(Information shown Opens)

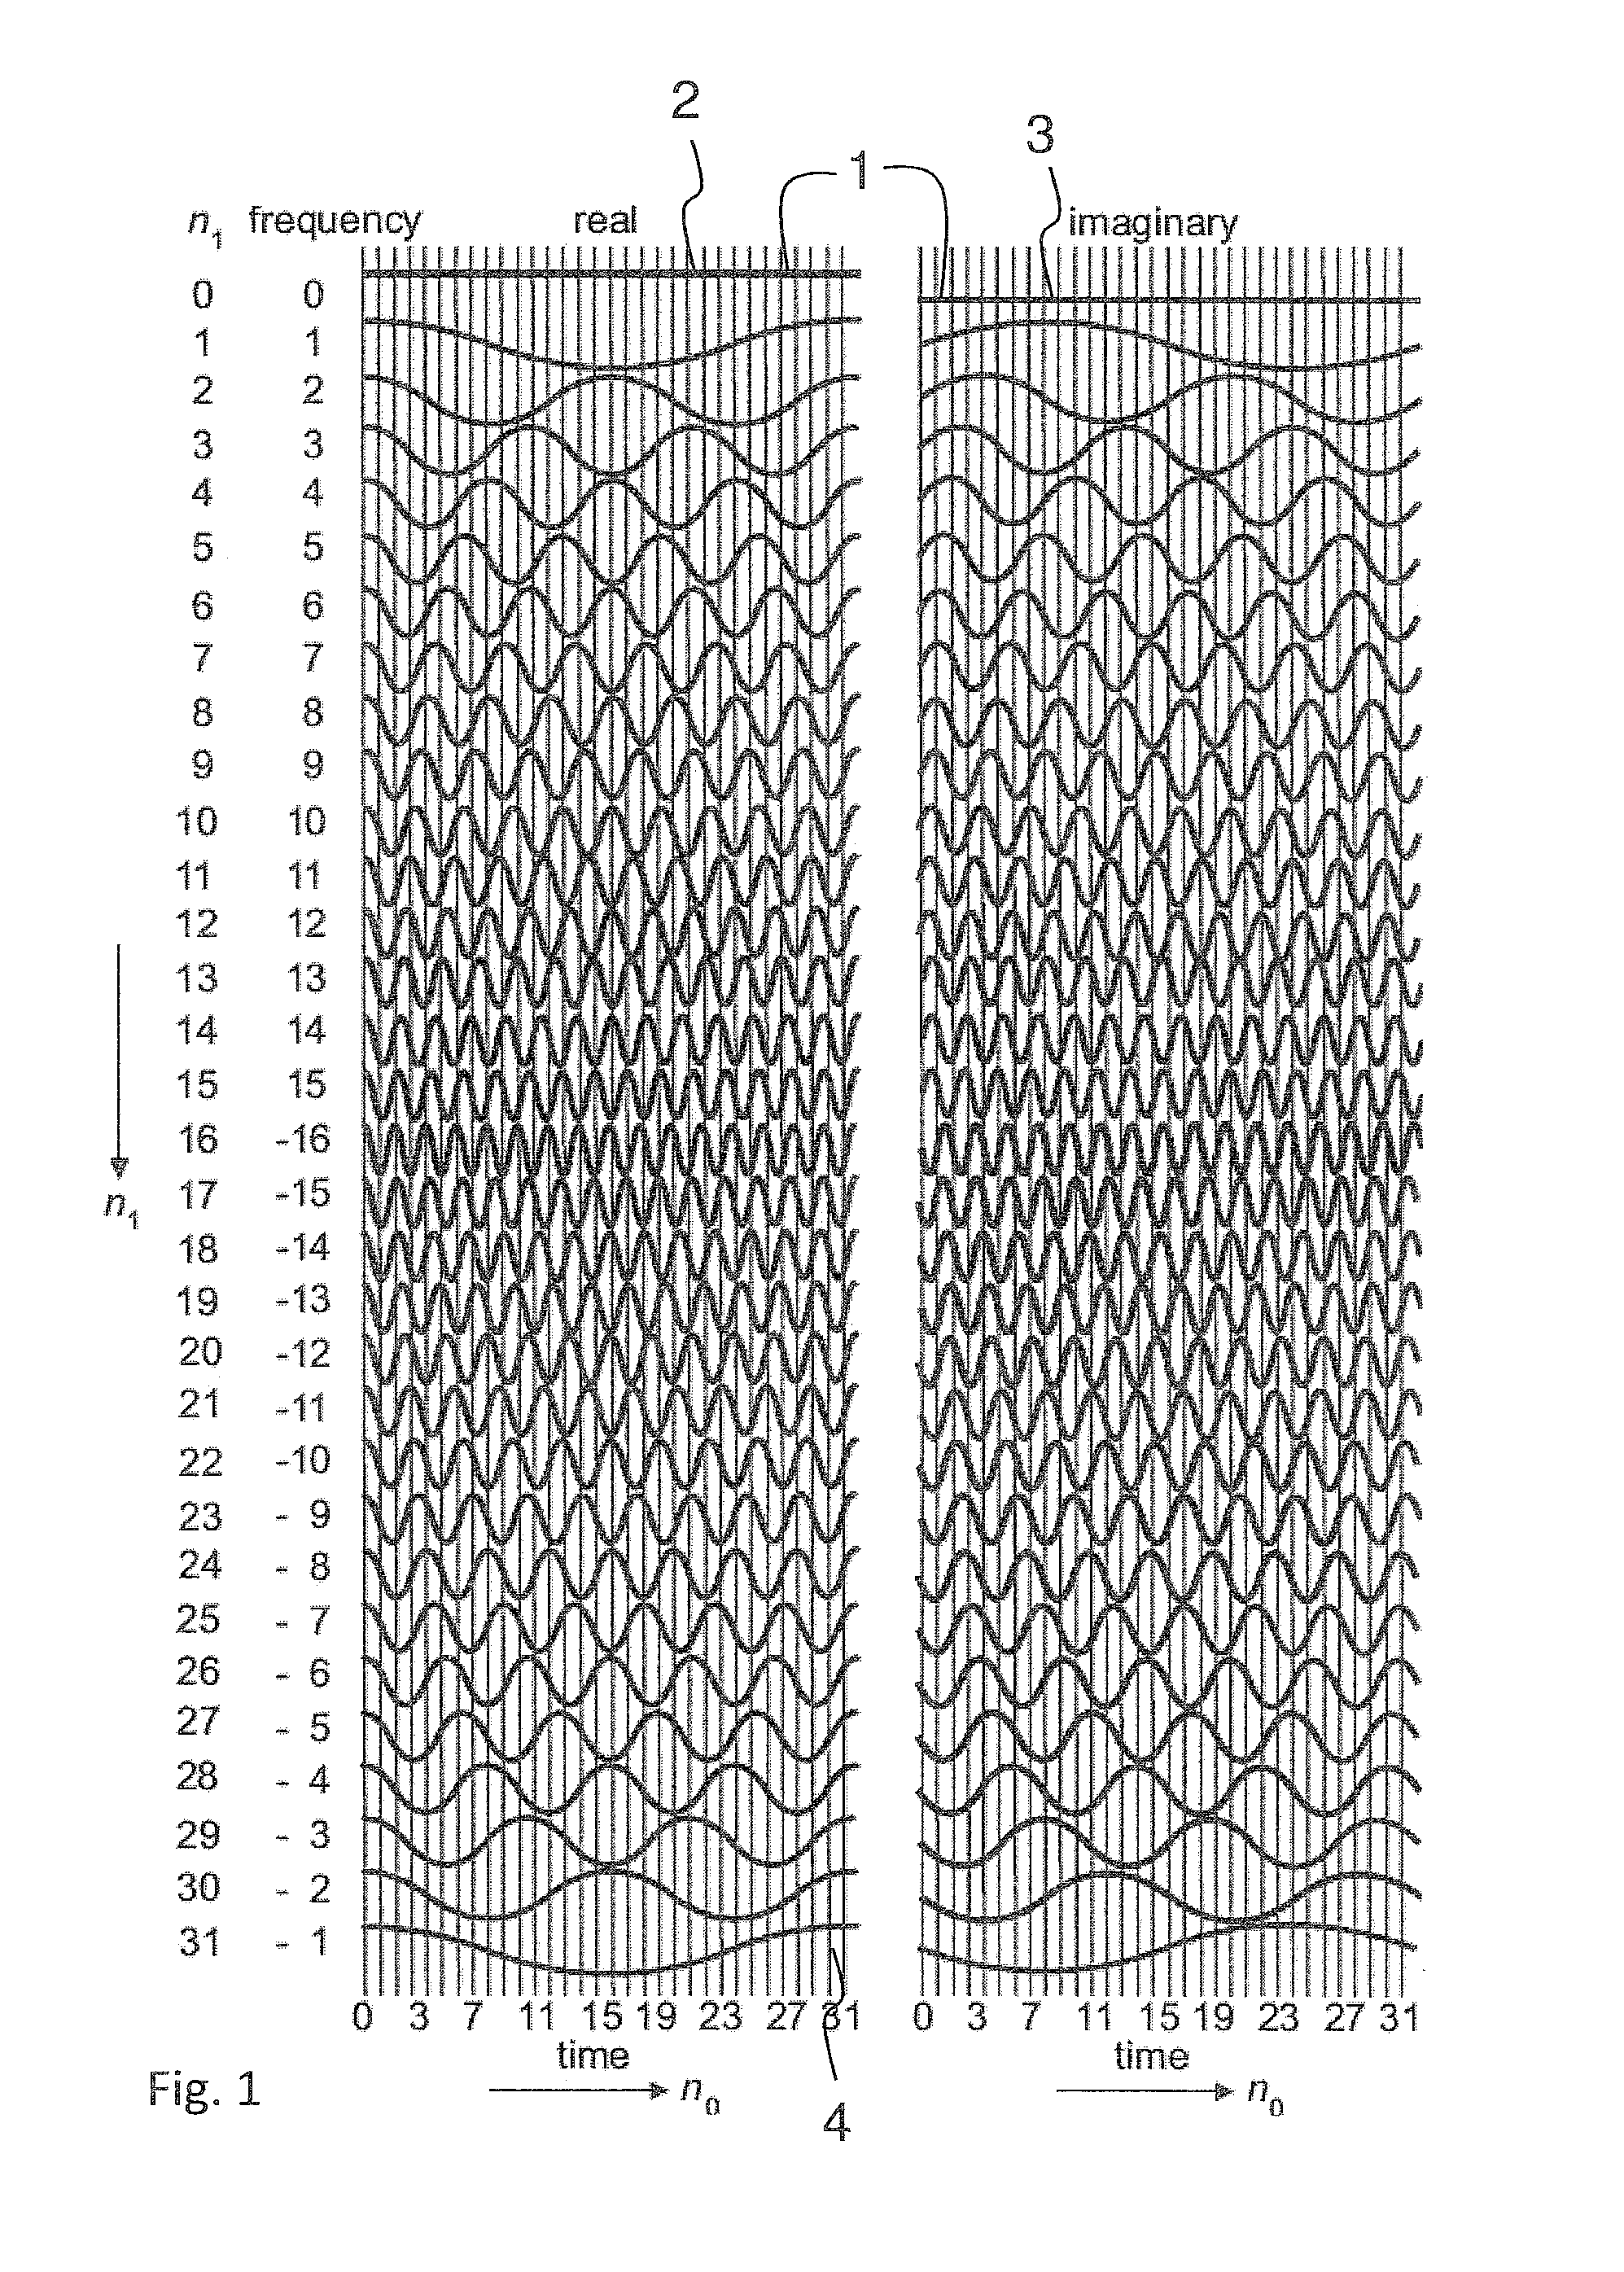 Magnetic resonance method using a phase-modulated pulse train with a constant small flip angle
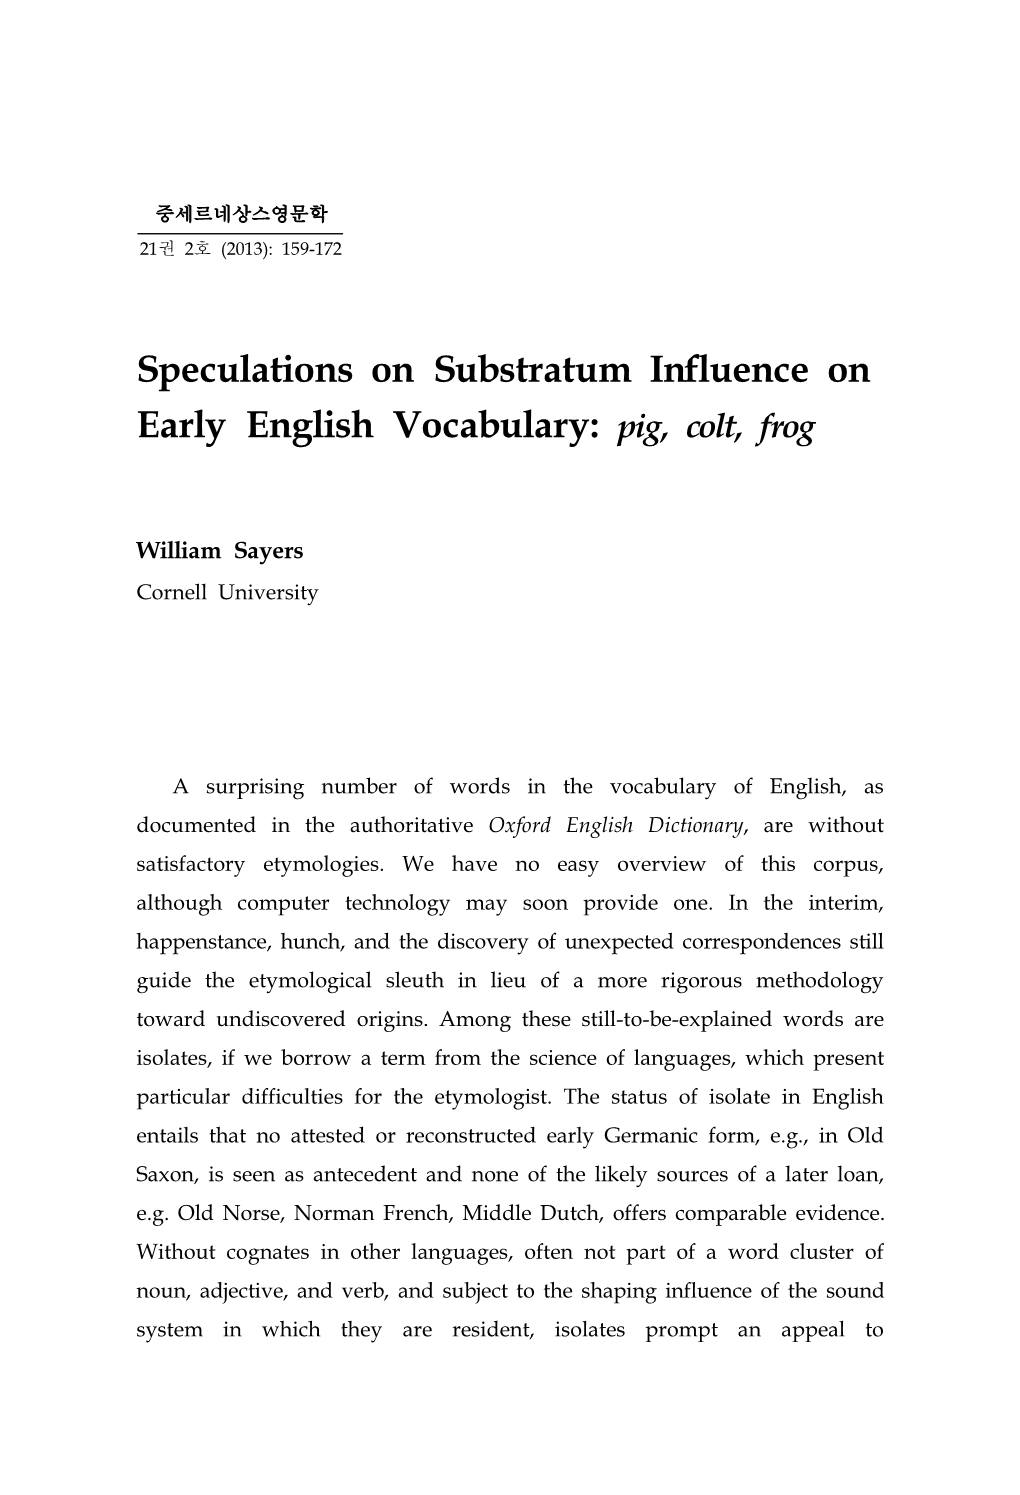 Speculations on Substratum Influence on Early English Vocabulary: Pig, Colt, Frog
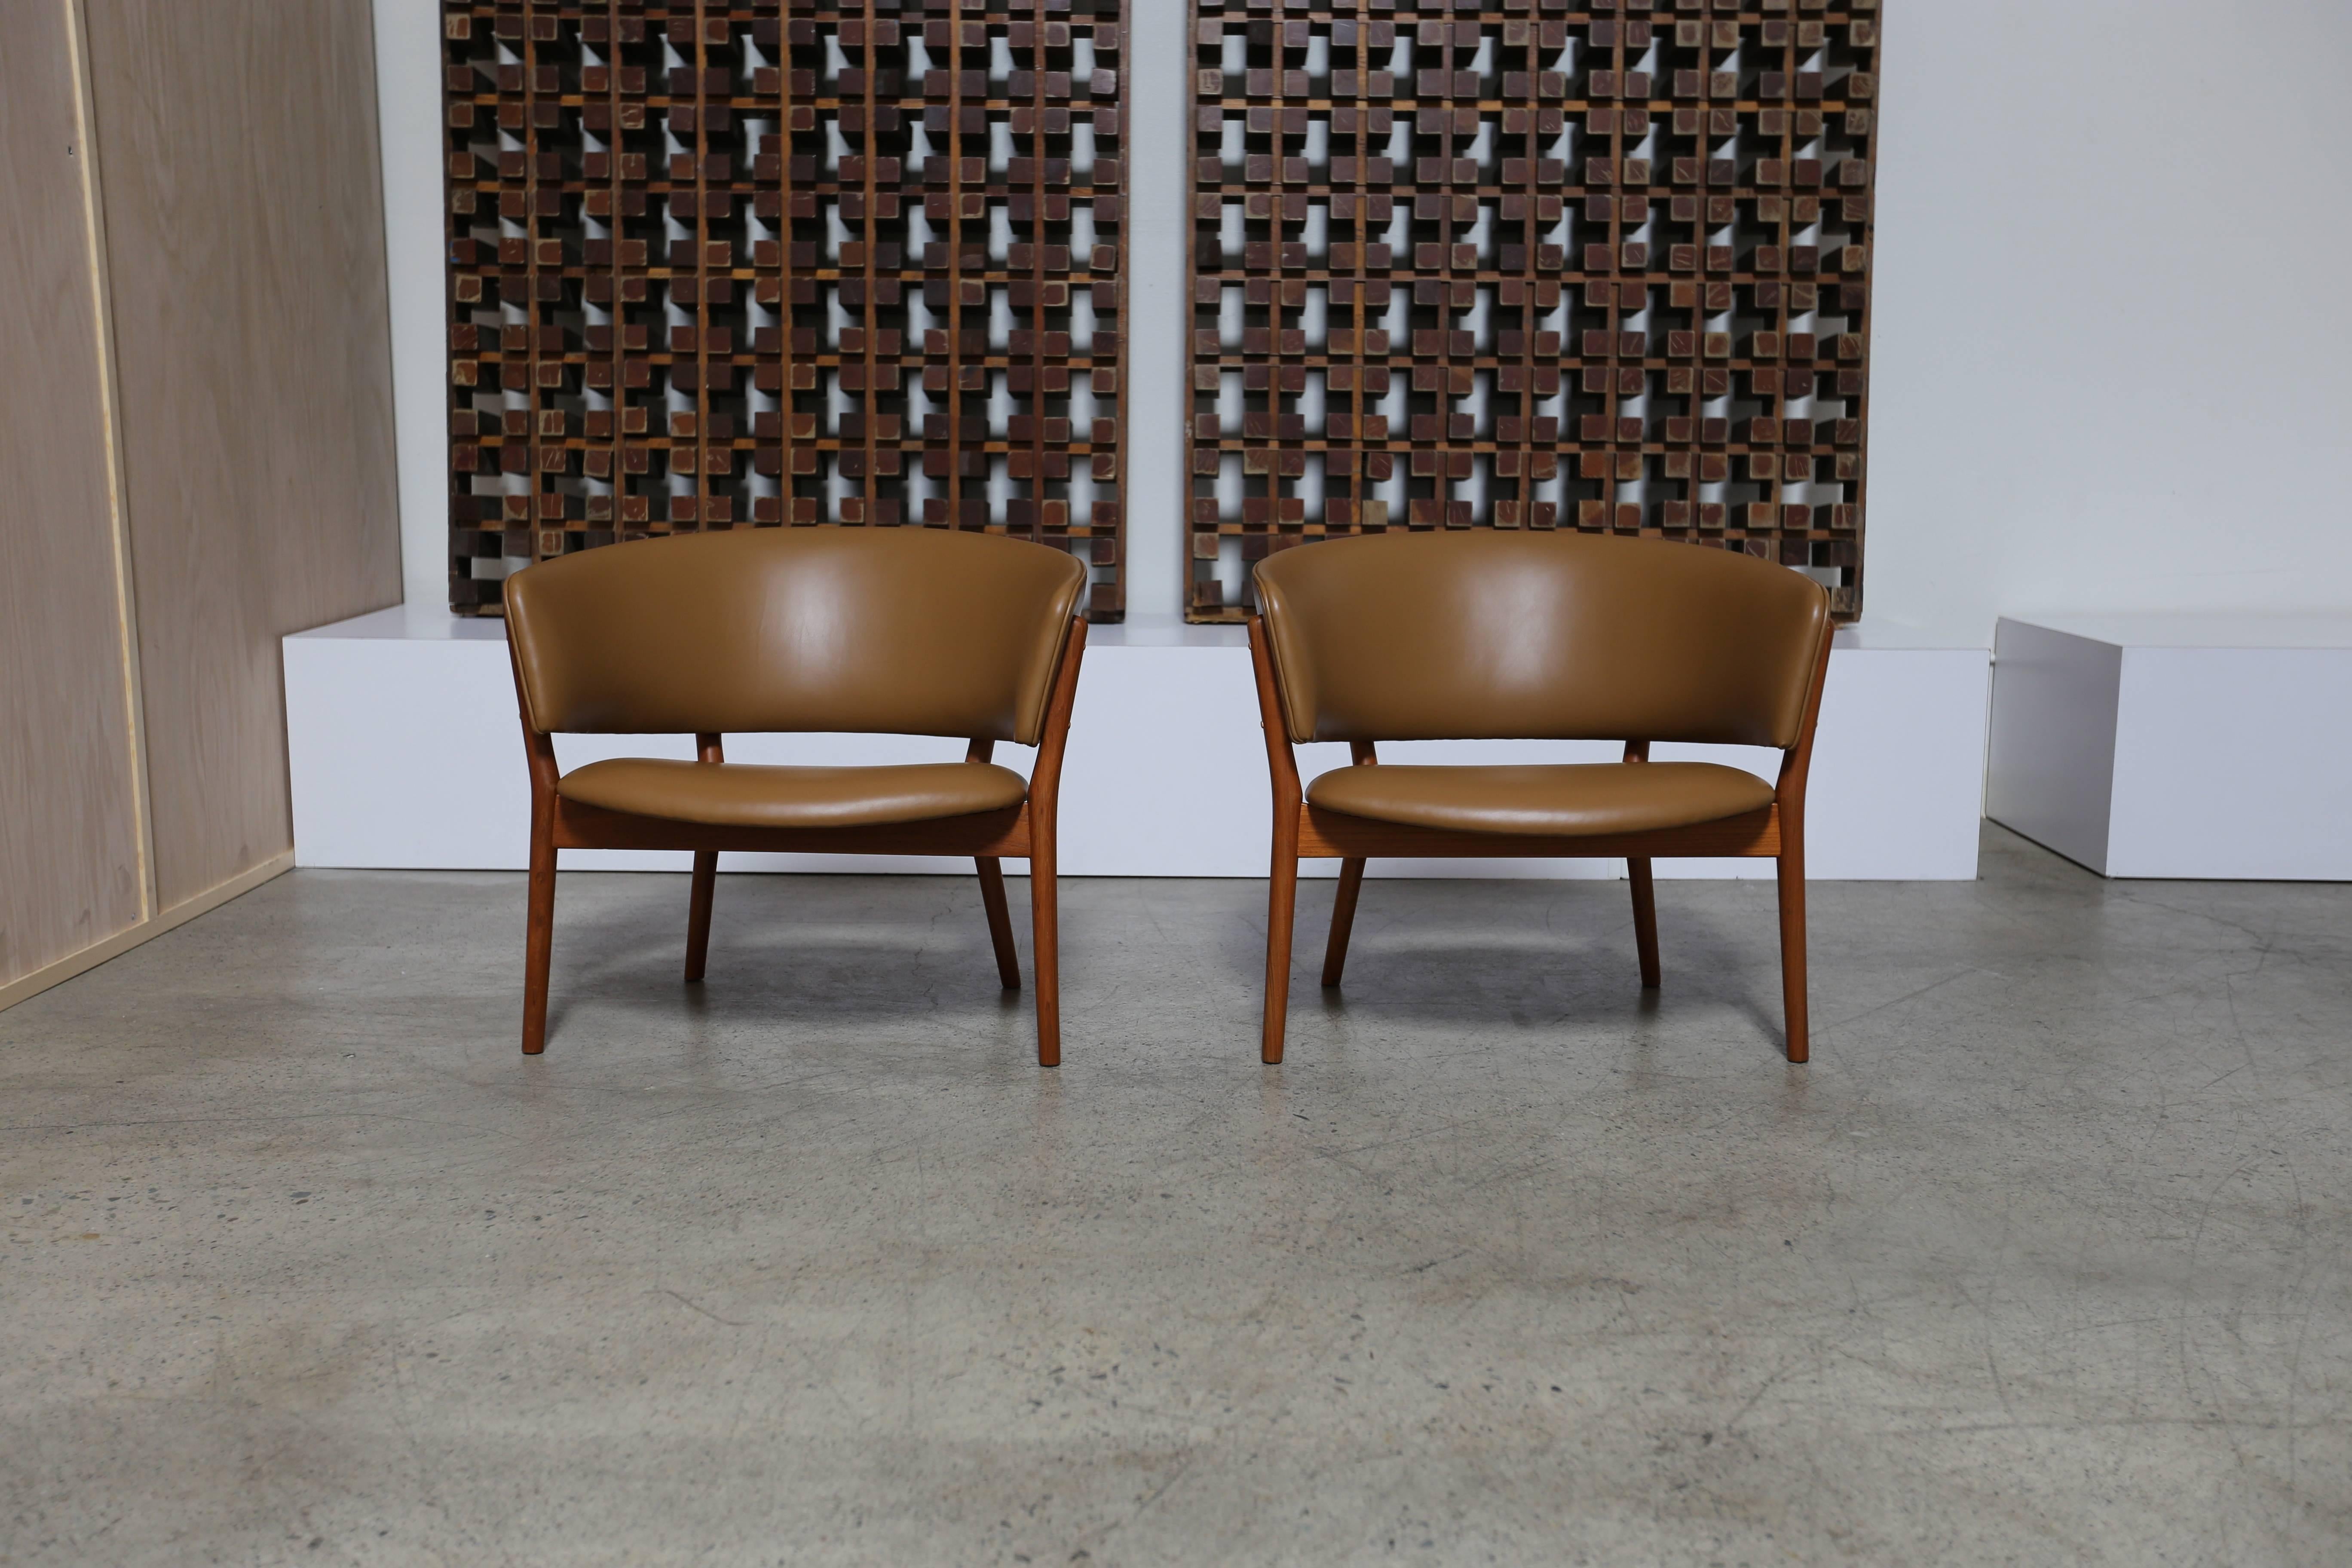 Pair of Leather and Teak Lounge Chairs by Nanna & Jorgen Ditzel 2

(Information shown Closes)

### Problem description
Could the data above be copied out exactly, with no pictures kept?

### Task output
 Magnetic resonance method using a phase-modulated pulse train with a constant small flip angle
 Speculations on Substratum Influence on Early English Vocabulary: Pig, Colt, Frog
 Pair of Leather and Teak Lounge Chairs by Nanna & Jorgen Ditzel 2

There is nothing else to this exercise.